▶ What needs to be done
Every line from the one with "Logo inmobiliaria Cedelo Cabanilla" up to and including the one with "Dieser antike persische" is to be output exactly as it appears below; pictures are not.

▶ Dataset records
+---+
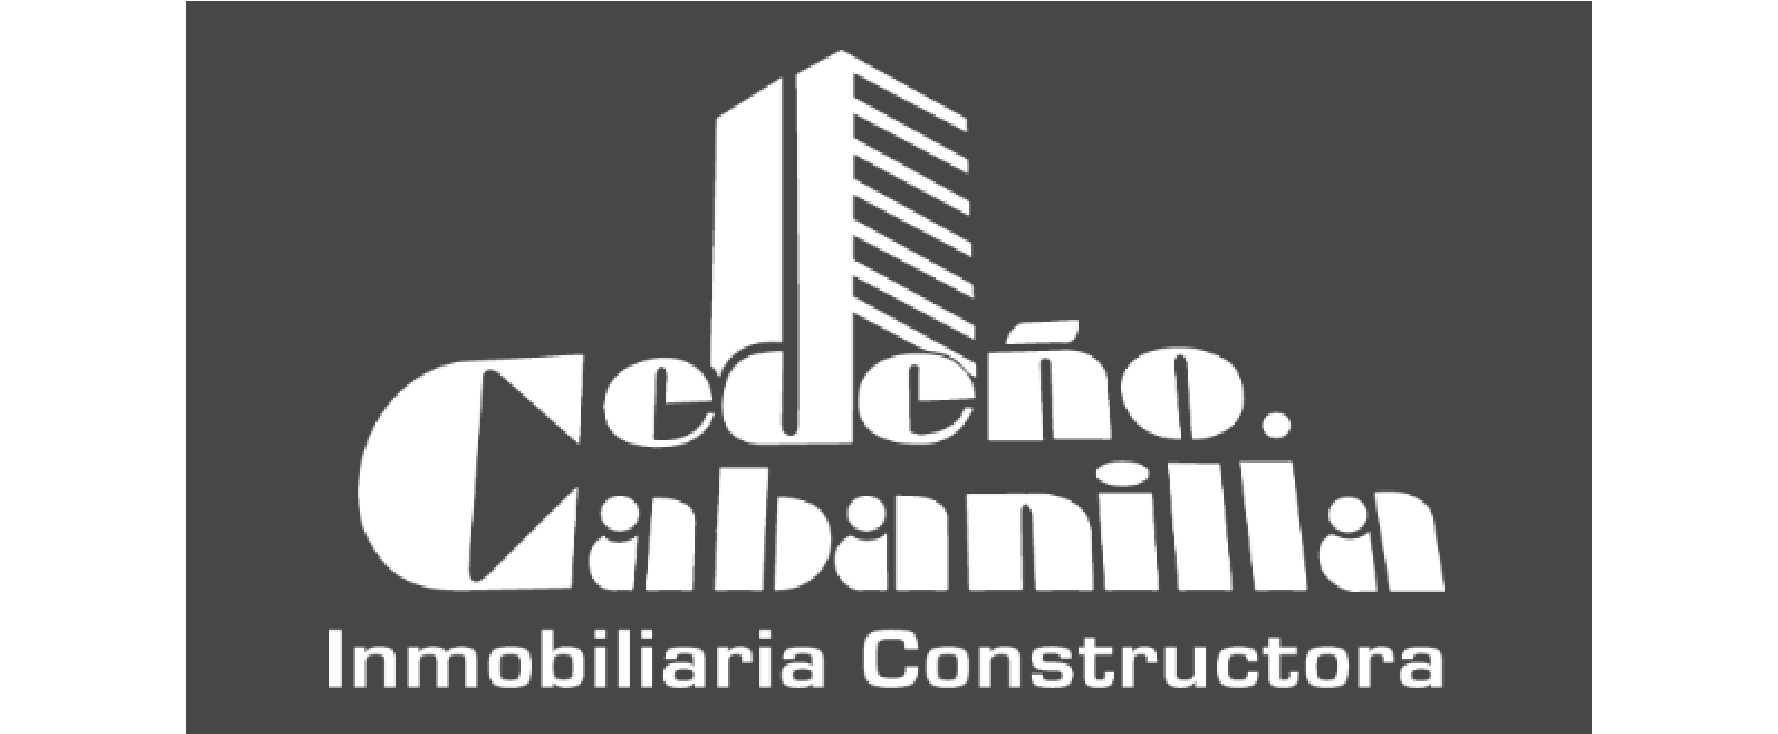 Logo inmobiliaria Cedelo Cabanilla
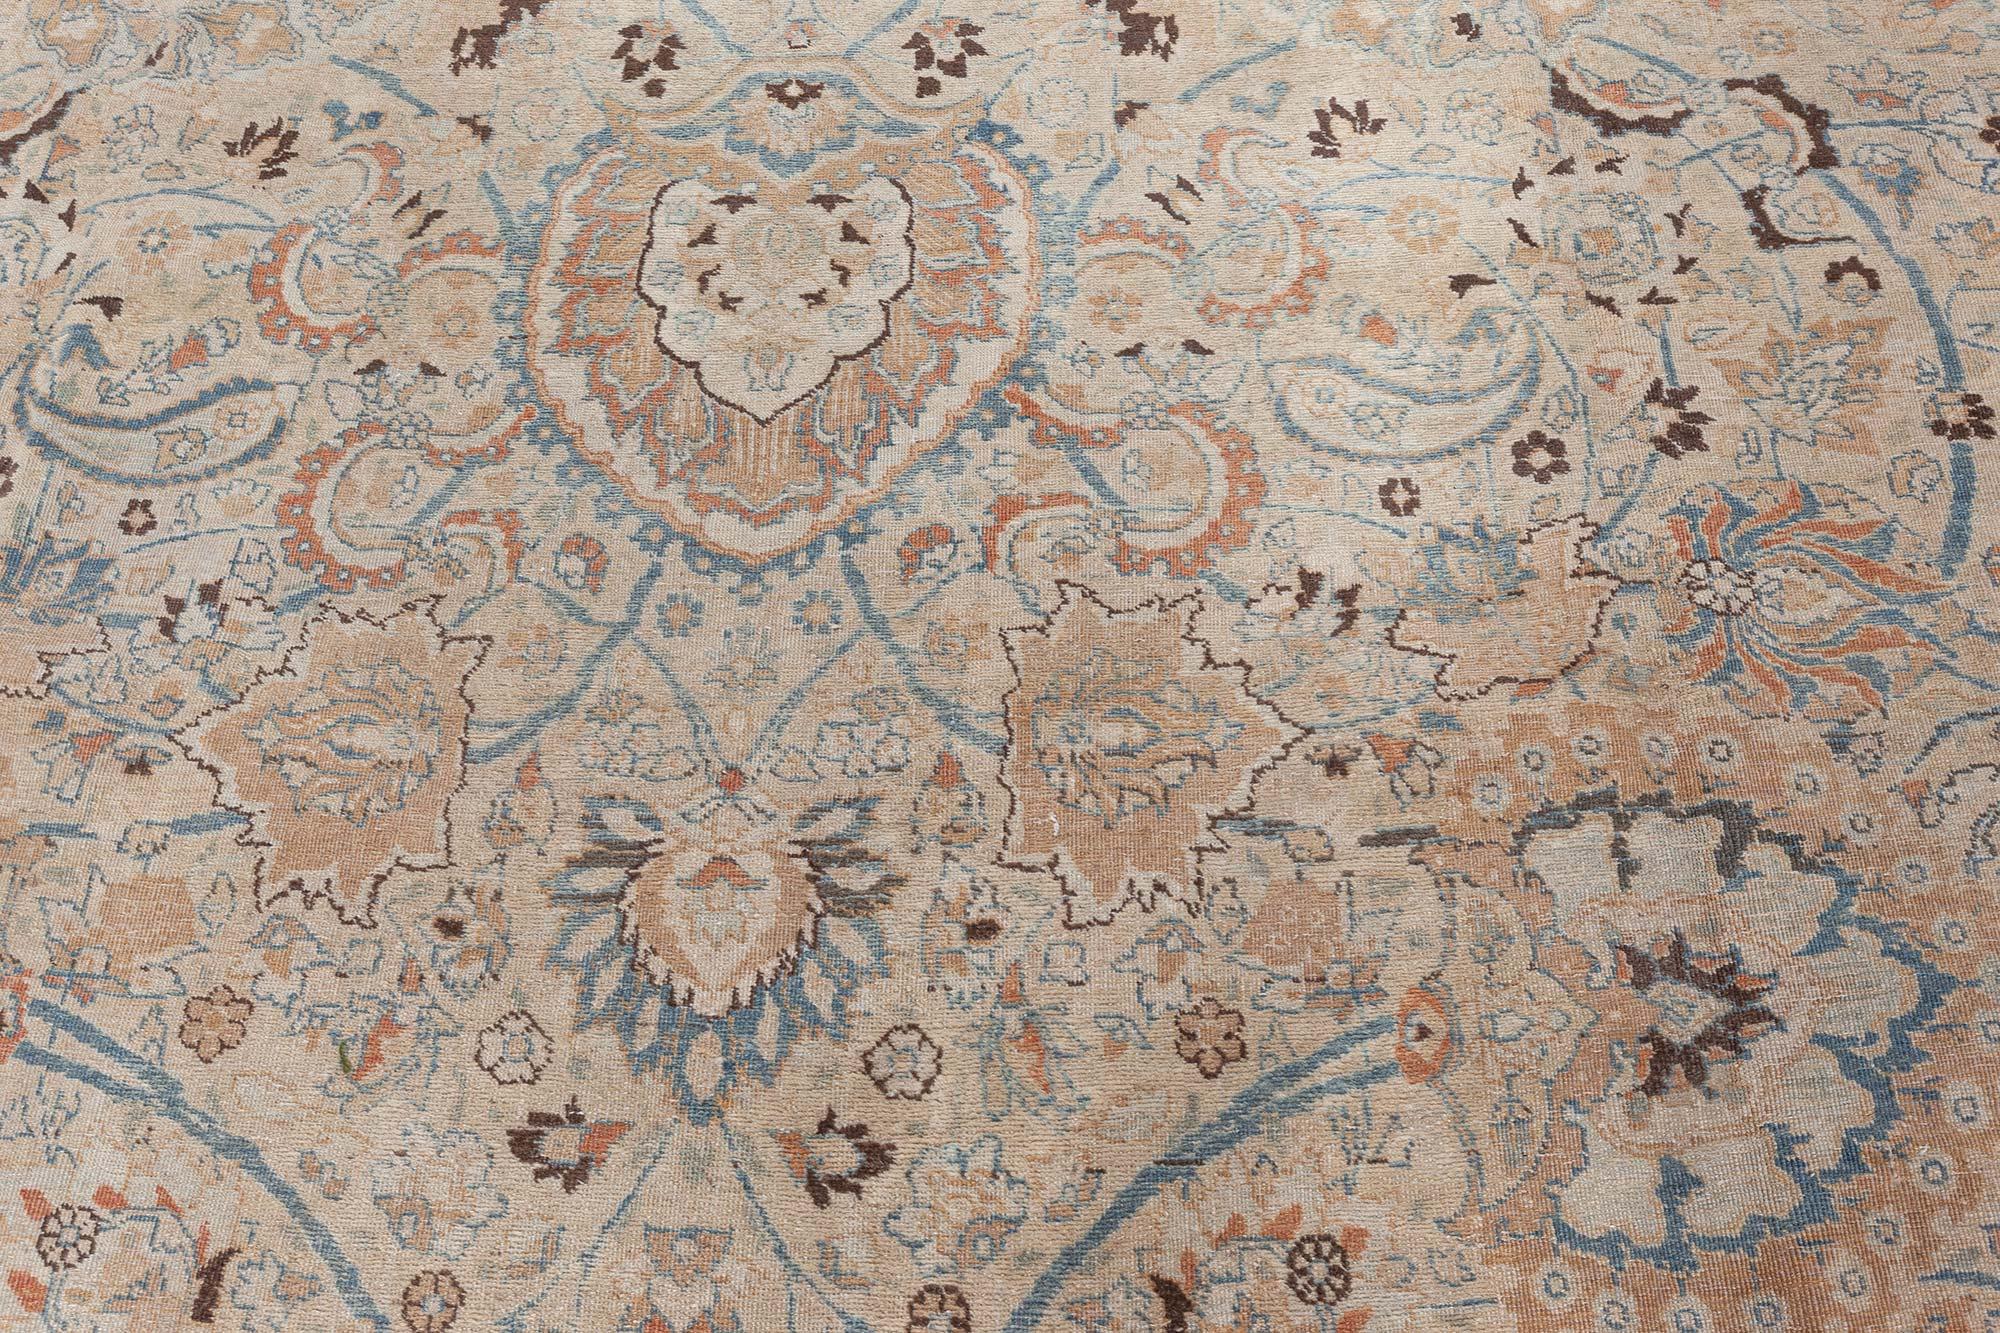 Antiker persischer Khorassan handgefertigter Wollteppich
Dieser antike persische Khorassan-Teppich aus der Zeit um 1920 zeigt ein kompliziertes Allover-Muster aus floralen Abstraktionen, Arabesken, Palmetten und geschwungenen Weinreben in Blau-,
+---+
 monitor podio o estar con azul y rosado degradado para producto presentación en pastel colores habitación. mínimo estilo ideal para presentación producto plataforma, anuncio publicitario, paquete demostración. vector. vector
+---+
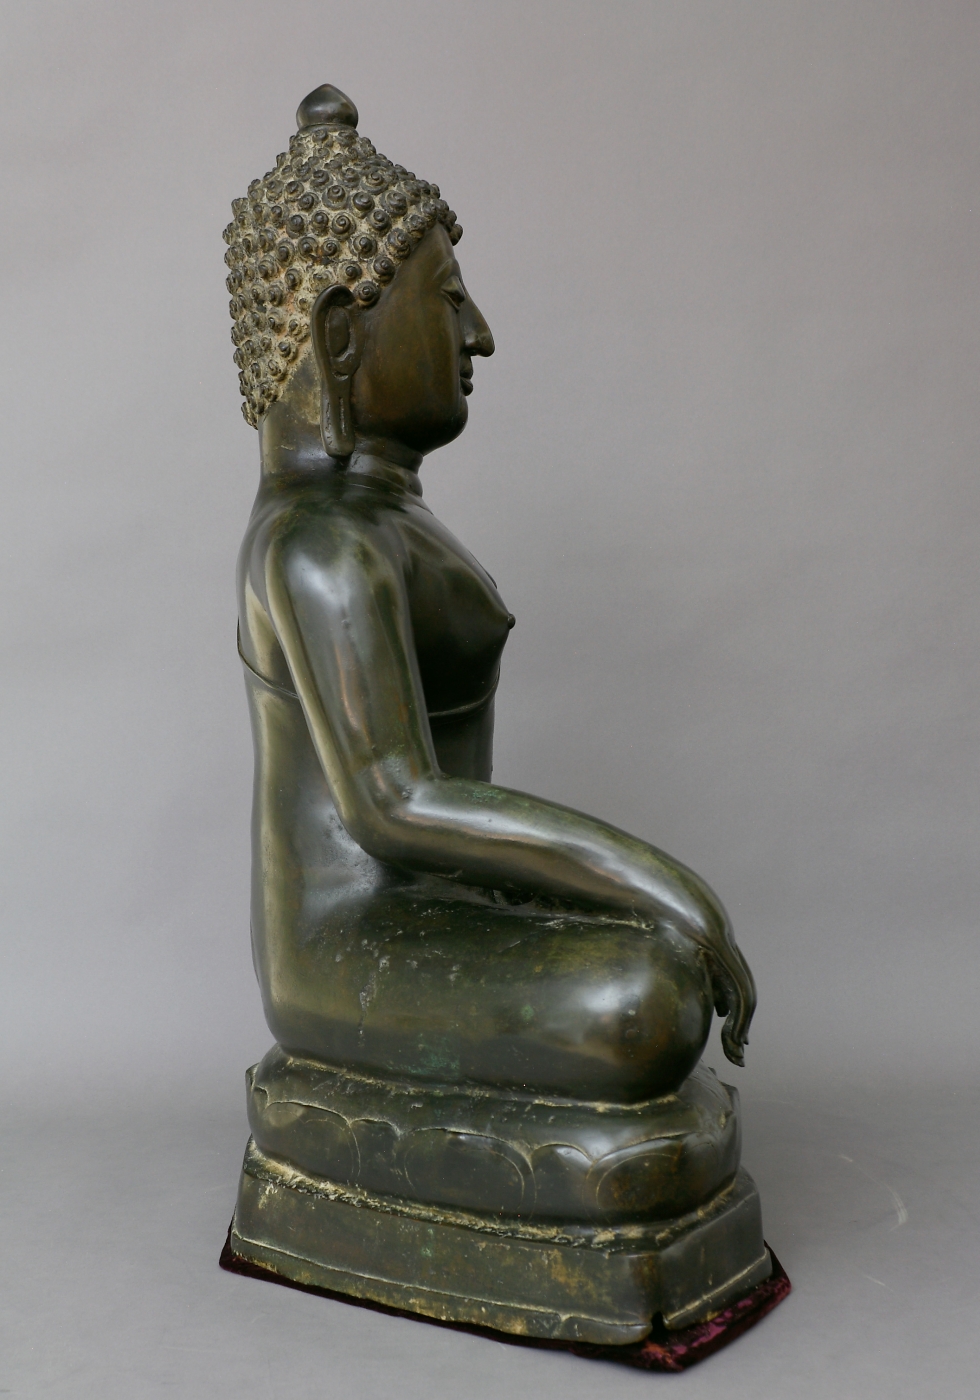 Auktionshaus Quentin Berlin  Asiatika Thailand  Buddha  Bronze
+---+
▶ Output for this exercise
 Logo inmobiliaria Cedelo Cabanilla
 Antiker persischer Khorassan handgefertigter Wollteppich
Dieser antike persische Khorassan-Teppich aus der Zeit um 1920 zeigt ein kompliziertes Allover-Muster aus floralen Abstraktionen, Arabesken, Palmetten und geschwungenen Weinreben in Blau-,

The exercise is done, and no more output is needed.